Well, the answer could be yes and no. This depends upon your budget. Fee-based Financial Advisors charge a very high fee. They are very costly. Let’s say the Advisor directs you to buy a commission-based item. If the Advisor can’t sell the product, then the client would have to spend more.
Spending more means adding more steps in the process. The process itself is very complex at times. Also, now to sell the bought products, the client would have to bring in brokers. The broker would receive commission so, and now the overall cost increases manifolds. For wealthy clients, the fee-only Financial Advisor could be the best option. But for those who are just setting up their firm, it’s not feasible. Also, out-of-pocket costs can be associated with such ventures, and hence, the decision must be carefully made.
Now, the high fees of fee-only Advisors don’t mean there are very efficient. It could be that they don’t work up to the mark. Also, at times, they don’t provide any results. Regardless, payment has to be completed. This is a weak point of hiring fee-only Advisors. Suppose you think that a fee-only Advisor who has great respect in the teaching field would survive in the insurance field. Hence, there are drawbacks to these Advisors too.
So, it can be seen that you have to choose the kind of Advisor following your needs. You can’t go with the flow. The decision must be well thought and follow your budget—the Financial Advisor, an important instructor for you.
If you bring in the right person, then the sky is the limit. You have to get a crystal clear view of all the steps. Hiring a fee-only or fee-based Financial Advisor is difficult. It takes time and patience. Go through their work experience, their field of expertise, and also check their conduct.

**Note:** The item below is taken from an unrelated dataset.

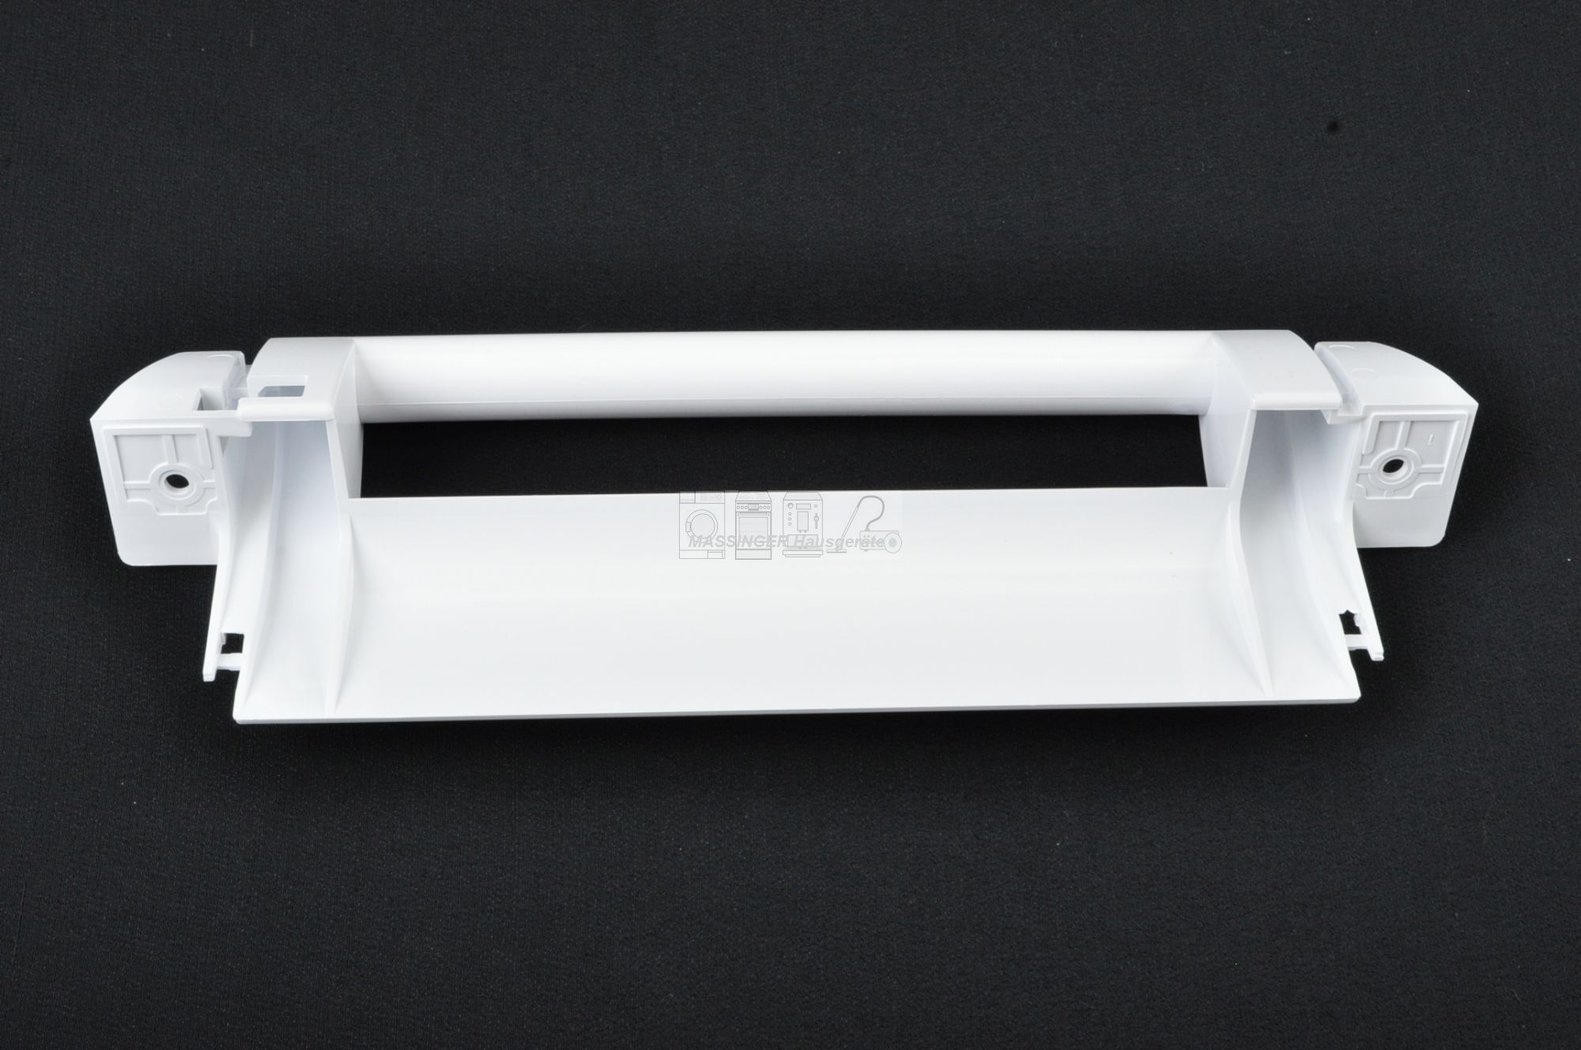 481246268979 t r hand griff gefrier truhe bauknecht whirlpool. Black Bedroom Furniture Sets. Home Design Ideas
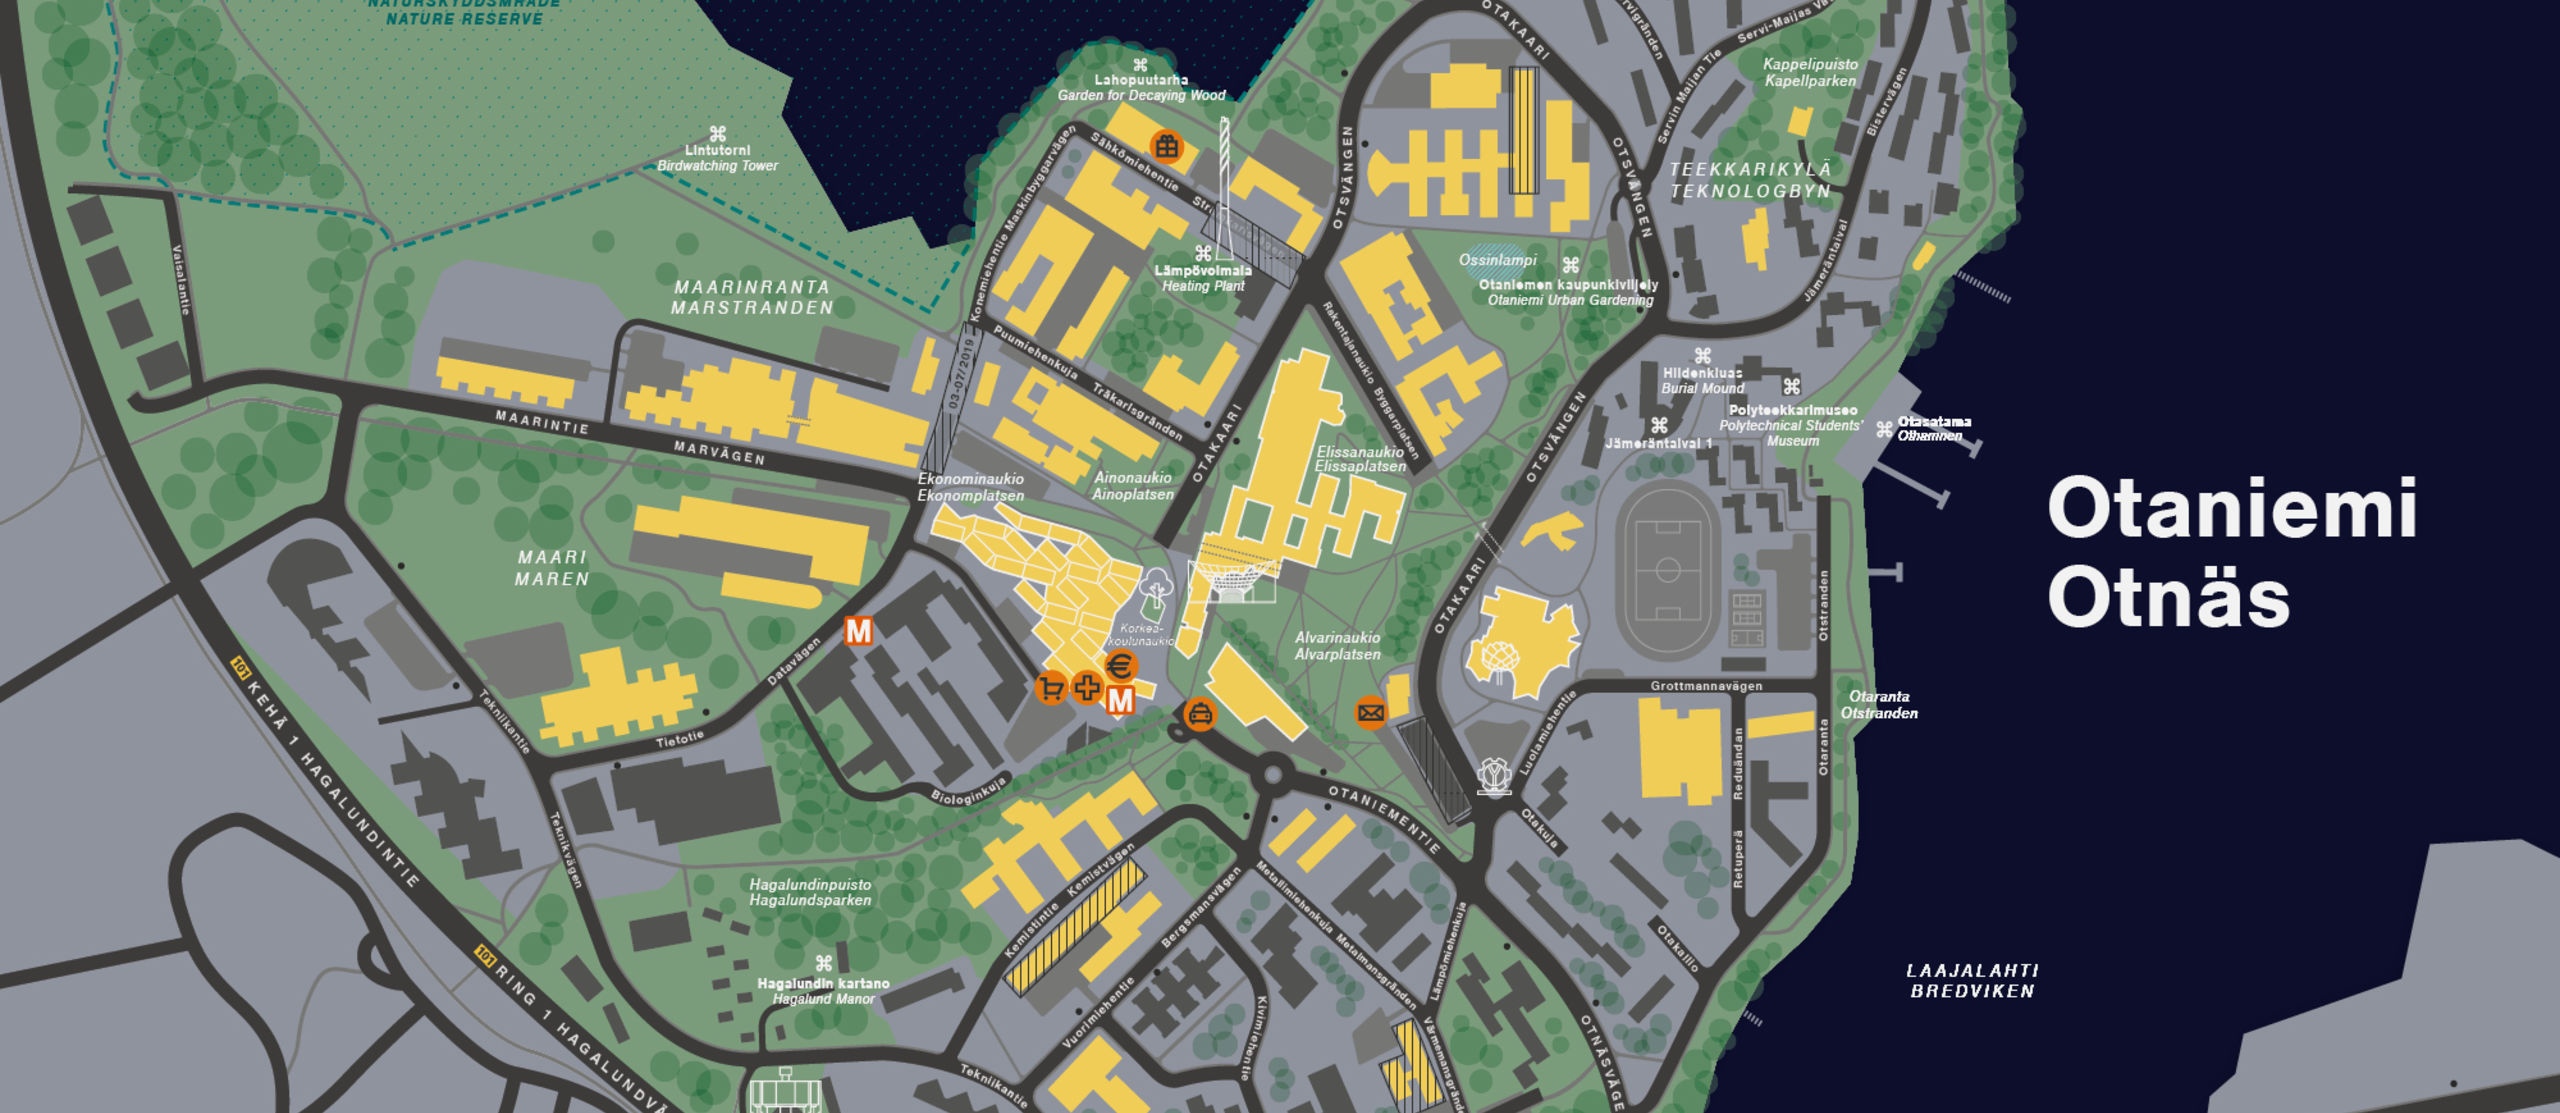 Saint Leo University Campus Map.Campus Maps And Getting To Otaniemi Aalto University

If they seem too eager to make a commission, they will create conflict in the longer run. Also, you can’t pay too much for an Advisor. There are other costs, like marketing, too. Hence, before bringing in an Advisor, clear your doubts and work accordingly.
1. Are there any other costs associated with Financial Advisors?
Yes, you need to keep a record of the money you are investing in these Financial Advisors. You have to be careful and vigilant, or else you will end you clearing off your savings. Hence, you need to strictly watch all any costs that could be added to the fee itself.
2. How is financial planning different from retirement planning?
Financial planning involves the reading and management of all your existing financial assets. This can include your FDs, estates, investments, etc. They cover your entire financial stability. Though retirement planning only works for people who are or about to be retired.
Also, you can plan your retirement way early too. This means that you plan for your future when you would be out of a job.
3. How do I know if the current Advisor is the best for me?
You need to vet your Advisor thoroughly. No aspect should be incomplete. Ask for his qualifications, his certificate, and his experience in the field. This is the first step for hiring any Advisor.
Thereafter, you need to ask his plans regarding your organization’s visions. You need to know how he can make your finances strong. What are his strong points and where his weakness lies? You need to know all this before you hand over your assets to him.
4. How can you differentiate asset allocation from diversification?
The whole evaluation of your investments and saving across all asset classes can be termed as your asset evaluation. Stocks, cash all can be grouped under asset allocation.
On the other hand, diversification is the types of investments within each of these asset classes. Hence, they both are distinct but related strongly to each other.
5. How many times should I contact my Financial Advisor?
In case of any financial emergency, there is no doubt you should see him. He/she can have the responsibility to get you out of any financial hazard. In cases when you are about to invest, you need to consider his/her advice.
Regularly, you should talk to your Financial Advisor at least once a year. It must go without any doubt that you must consider your Advisor whenever you are about to make any major purchase or such expenditure.